The public has never before seen reports, memos, and diplomatic cables from the CIA, FBI, State Department, and other agencies. They represent a small portion of federal paperwork that was linked to the assassination of the 35th US president.
The Warren Commission found that Lee Harvey Oswald, a former Marine who had defected to the Soviet Union, was the sole assassin of Kennedy.
Around 10% of the long-classified files were still not released in October because of the impact of the covid-19 Pandemic.
The National Archives said that there are some 14,000 files left.
Each of the remaining files was flagged as potentially containing information that could harm the U.S. national security or diplomatic relations.
The agencies who are custodians of the records have one year to finish a security review of those that are still being held. Some may not be published at all, and will be identified on a public index as the reasons they have been kept out of their entirety.

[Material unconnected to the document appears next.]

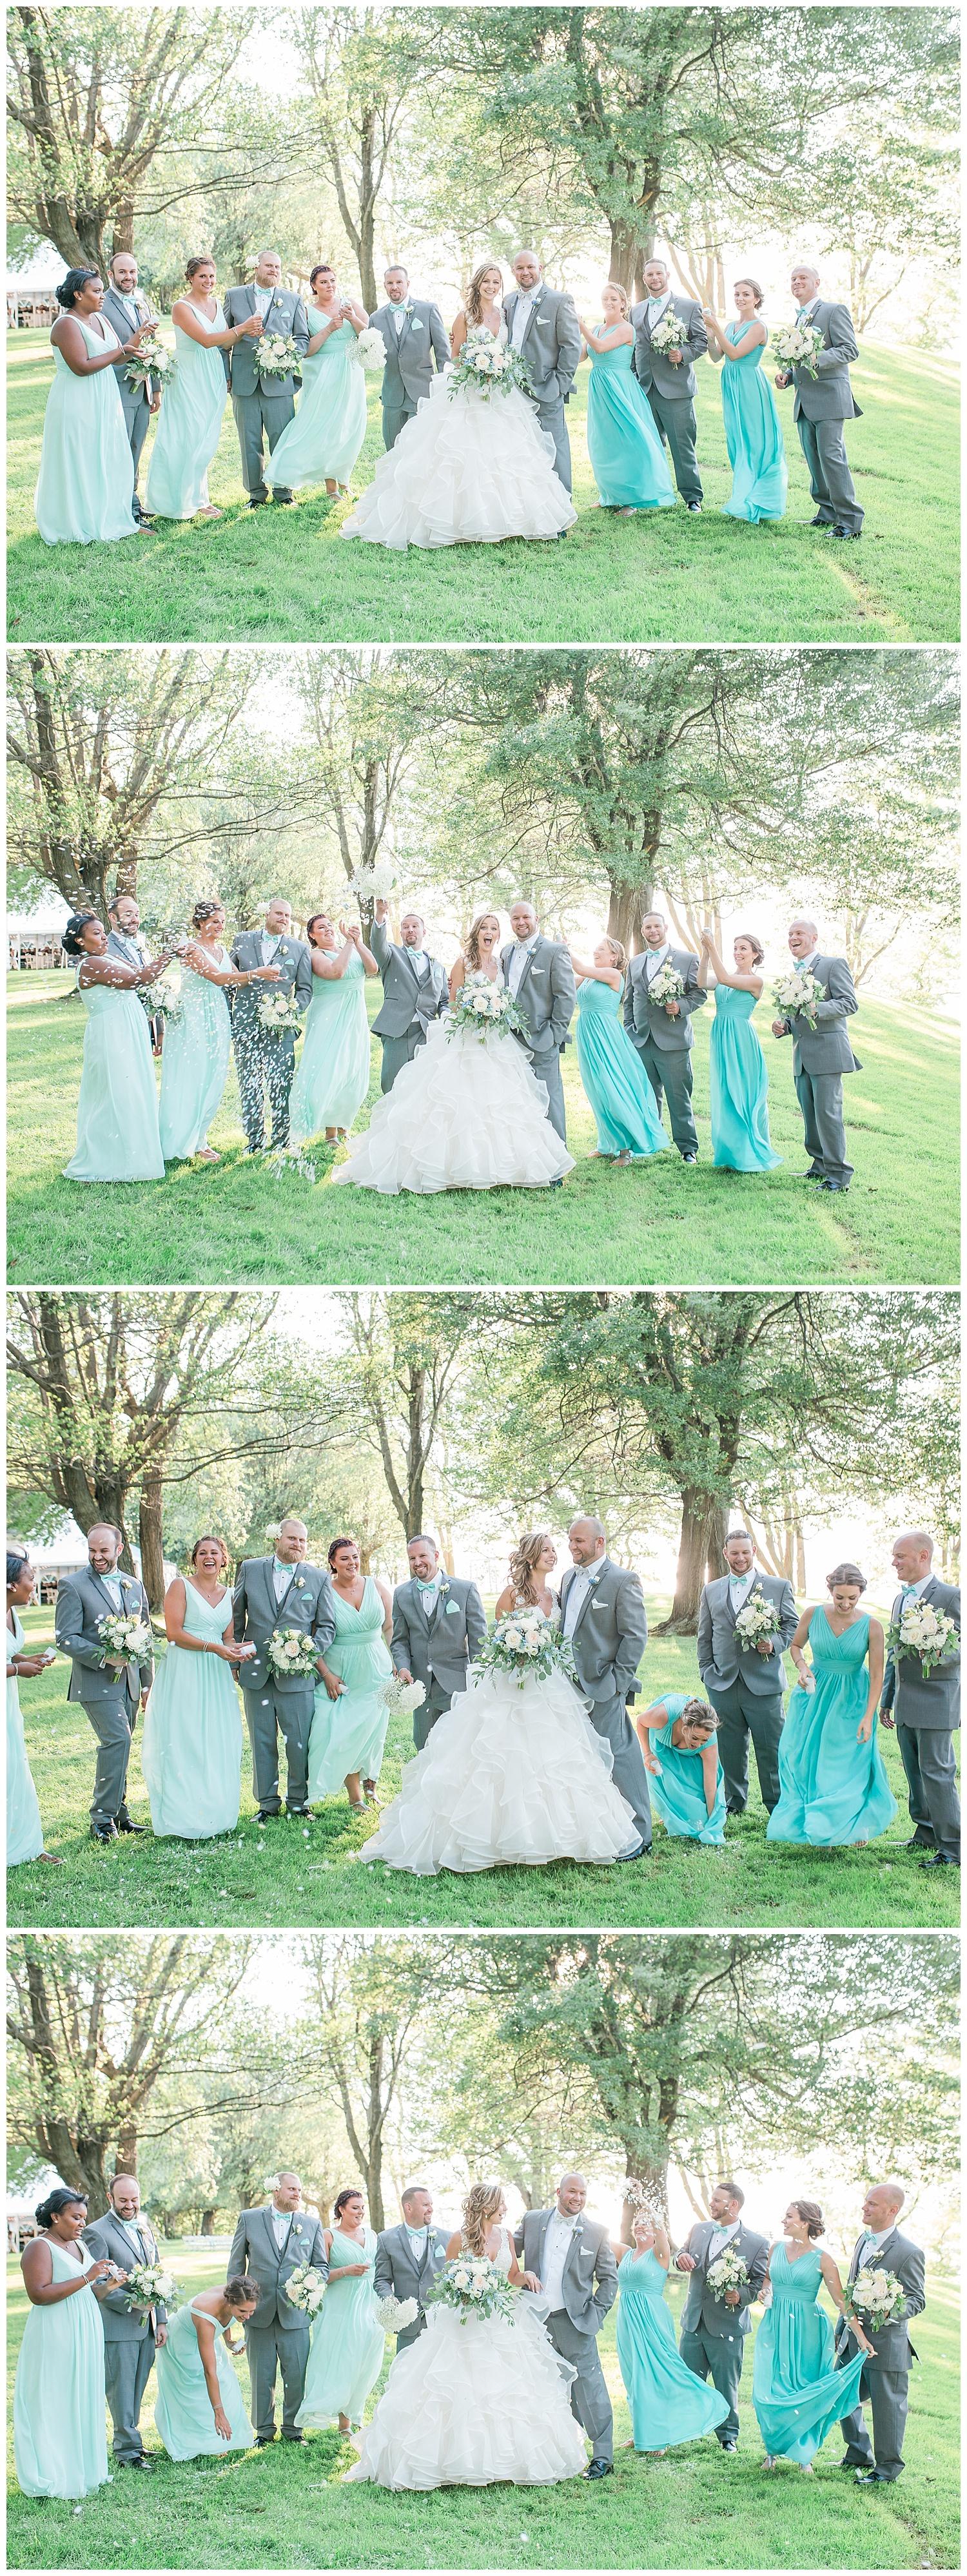 Sean and Andrea - Webster wedding - lass and beau-970_Buffalo wedding photography.jpg

According to a memo signed by the president, JFK documents are kept secret to protect against an identifiable harm to the military defense, intelligence operations, law enforcement, or the conduct of foreign relations that is of such gravity that it outweighs the public interest in disclosure.
The JFK papers have been out for many decades and have undermined the stated purpose of the endeavor which was launched by Congress nearly three decades ago.
A majority of the country still believes that there were multiple conspirators, if not the only one, and that Oswald was the one who killed Kennedy.